What is CAP theorem?

CAP theorem is one of the fundamental principles in distributed systems that's important to understand. In this post, let's learn more about the CAP theorem and understand how this theorem is applicable to real world distributed systems.

CAP

CAP stands for Consistency, Availability and Partition Tolerance.

To better understand each of these terms, let's assume that:

We have a simple system of servers consisting of 3 nodes, node1, node2 and node3.
Each of these nodes are replicas of a database shard replica1, replica2 and replica3.
Each of these replicas contain exactly the same set of data.
A client can connect to any of these replicas and query data.
A client can connect to any of these replicas and insert data.
Data inserted into one replica will be replicated to the other replicas.
There's a drift if the data in any one of the replicas is different from the others.

A node, a replica, a host or a server all mean the same for the purposes of this example:

database shard

Consistency

The property of consistency guarantees that all the nodes return the exact same results regardless of which node the clients query.

Availability

The property of availability guarantees that the clients querying are guaranteed a result even if one or more nodes in the system fail (even if the results are inconsistent).

Partition Tolerance

Partition tolerance refers to the durability of distributed systems. In case of an event like a network partition, the distributed system continues to operate without any downtime.

Understanding CAP theorem

The CAP theorem generally states the following:

In a distributed system, it's impossible to guarantee all the three properties of Consistency(C), Availability(A) and Partition tolerance(P) simultaneously.

cap diagram

Since network partitions are realistic and are unavoidable in real world distributed systems, in case of a network partition, we should optimize for one of the following:

AP - The system is highly available(A) during a network partition(P), sacrificing consistency(C).
CP - The system is highly consistent(C) during a network partition(P), sacrificing availability(A).

AP and CP

In our example above, if a client writes to replica 1, then the data would be replicated automatically to the other two replicas.

Let's imagine that there's a network partition that causes replica 1 to go offline just after the client finishes writing the data, but before it can be fully replicated to the other two replicas.

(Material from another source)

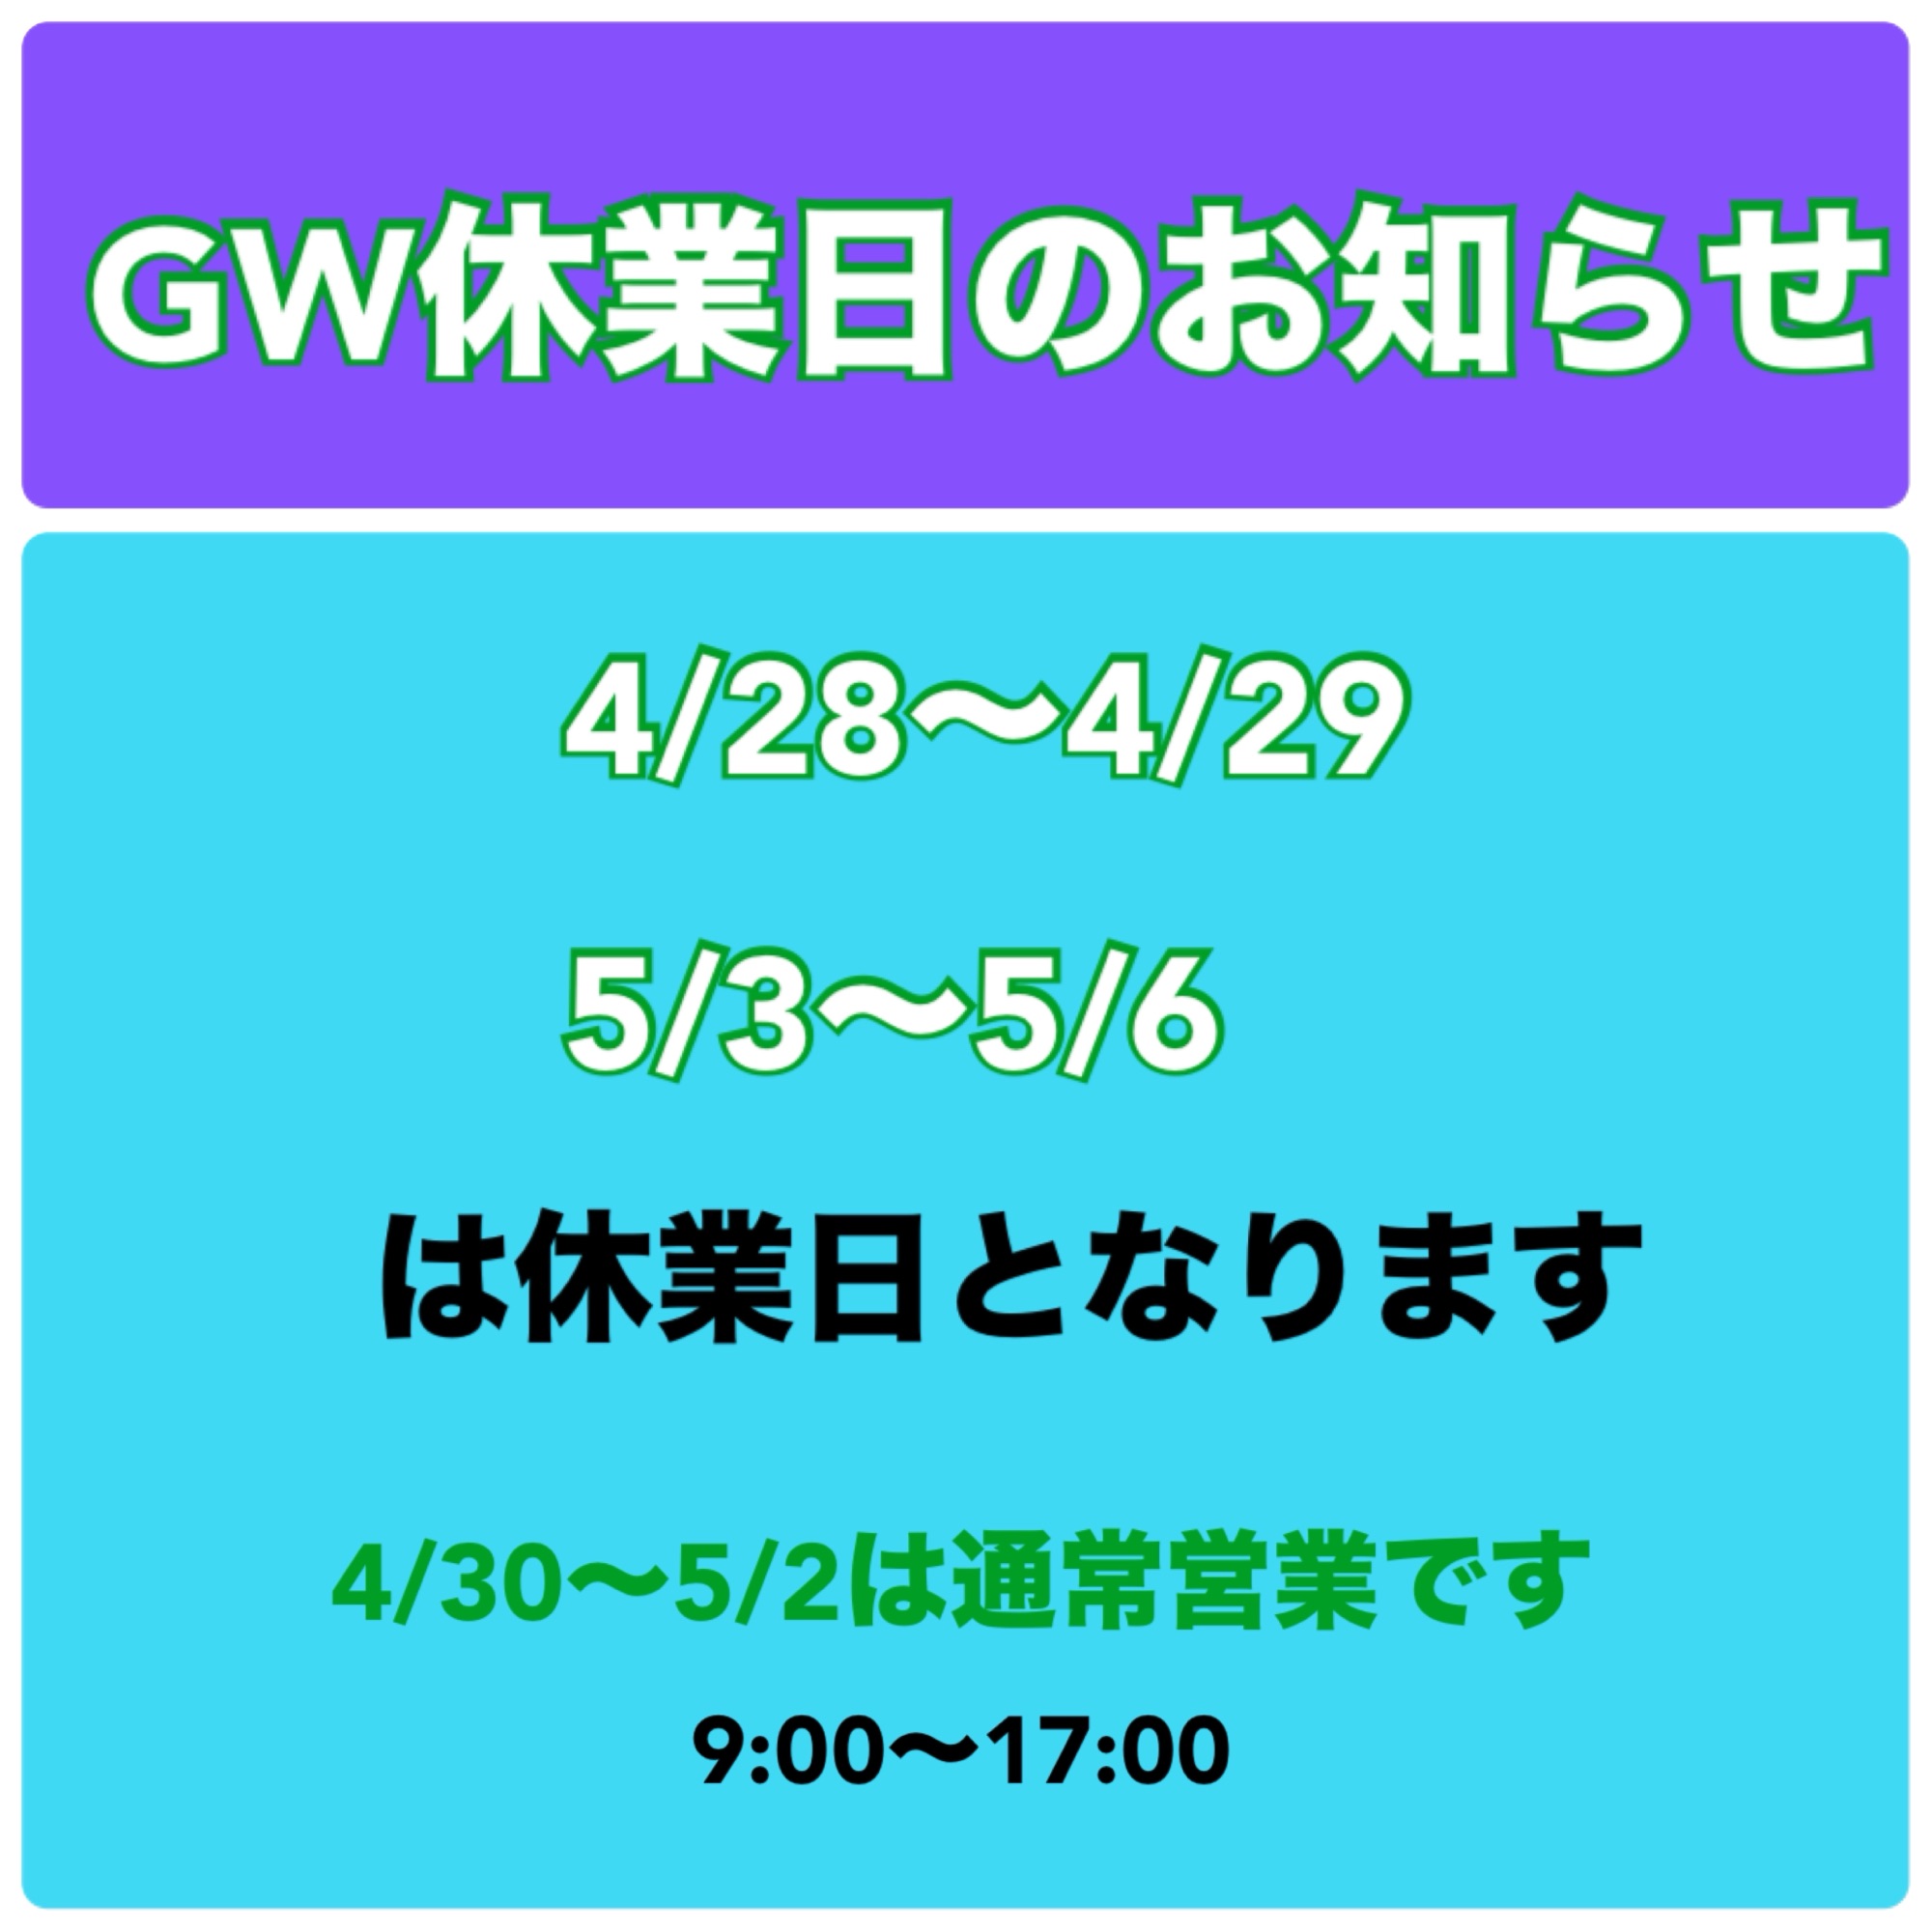 You are currently viewing GW休業日のお知らせ

In this scenario, there will be a data rift or in other words, the data would be inconsistent between the nodes.

Available and Partition Tolerant - AP

If we design a system that's highly available, then we can ensure that replicas 2 and 3 are always up and return a result to a query even if the results might stale due the rift. We will hope that when replica 1 comes online, the other two replicas will become eventually consistent.

Consistent and Partition Tolerant - CP

On the other hand, if we were to design a system that is highly consistent, we need to pick consistency over availability. In this scenario, even if the replicas 2 and 3 are online, since the data is not consistent amongst the replicas, we won't return any results until both the replicas have caught up with replica 1.

In realworld distributed systems, there are some systems that optimize for availability and there are others that optimize for consistency. A few examples that prioritize availability are:

Cassandra
DynamoDB

On the other hand, some examples of distributed systems that prioritize consistency are:

ETCD
HBase

So, that basically wraps our post on CAP theorem. I hope that this post helped you understand what CAP theorem is and how it can be leveraged to design a distributed systems with tradeoffs to either consistency or availability.